The 37signals Way

February 16th, 2007 | Categories: marketing, social media, strategy, trends

37signals logoLet me tell you about a small Chicago company named 37signals. Not only have they created some of the most functional apps on the net (Backpack, Campfire, Basecamp, Ta-da List, Writeboard), but they’ve also managed to produce one of the most successful tech job boards and a corporate blog. Oh, did I mention they also pioneered Ruby On Rails, a highly popular, widely-touted, open-source web-application framework?

Why are they so successful at doing so many different things? It’s simple. The answer is… they’re simple.

They run a lean operation, both in terms of manpower and product specifications. This is not to say the products lack functionality or sophistication. It simply states that the interfaces and designs are clean, and that only the necessary features are included - nothing over the top or extraneous.

So how come no-one else is taking a similar approaching to web applications? Beats me…
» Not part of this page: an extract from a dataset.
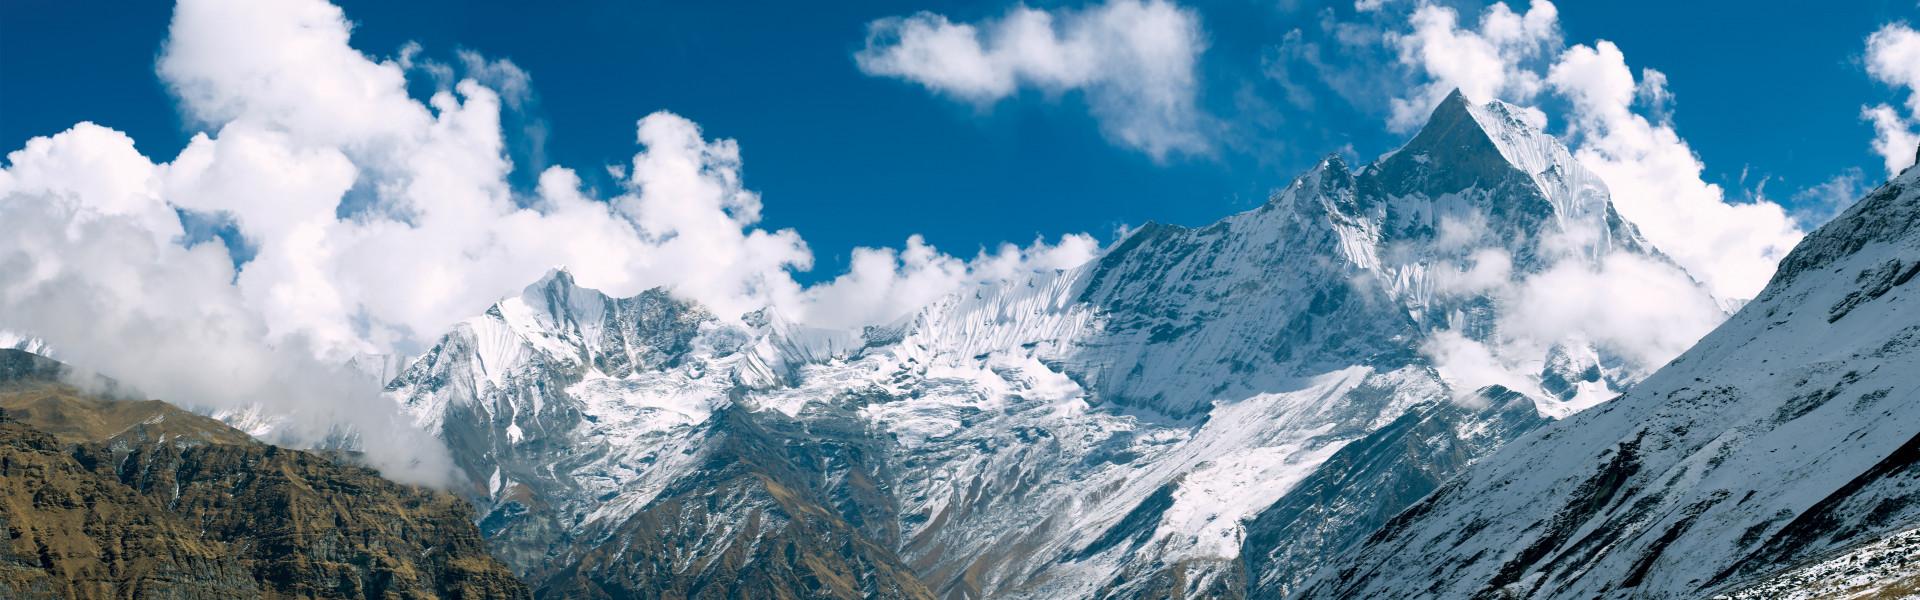 Destination image of Nepal

Their simple, easy-to-use apps are setting the industry standard in an industry that doesn’t exist. Obviously, other companies are pitching their project management, collaborative writing, real-time chat, and organizational tools, but none seem to be competing on the same level. Or maybe 37signals has simply created a niche and taken 100% ownership of it.

Moving along…

Their revenue model is ingenious. They actually CHARGE people. Unlike many web 2.0 outfits that are monetized via Google AdSense and run-of-the-mill ads, 37signals actually charges users once they’ve tried the product and determined that the basic feature set is insufficient. In other words, no financial commitment is made until the user determines that the given product has a basic level of functionality, but that the premium version is the optimal choice. Only then, does 37signals achieve a transaction. Surprisingly, people WILL pay for a good product - even for software, in this day and age.

As I have said, I am still unsure as to why another company hasn’t come along and tried to accomplish the same thing as 37signals. Eventually, others will clue in. But in the short term, I think there is a very real opportunity for a small, lean start-up to step in and create simple web-based apps that are not only clean, but functional. Competing in a different realm than 37signals may be a good option, but there are countless other small niches to be conquered. In doing so, the venture may be able to achieve the web 2.0 unthinkable… revenues. Or in a utopian world… profits.


  1. web guru Says:

    hey man, love the writing style. i think you’re one of the new wave of web 2.0 masterminds, i love your blog keep up the good work.

    p.s. maybe you could write an article about government control of the internet and how privacy legislation will impact freedom of speech and the future of the internet.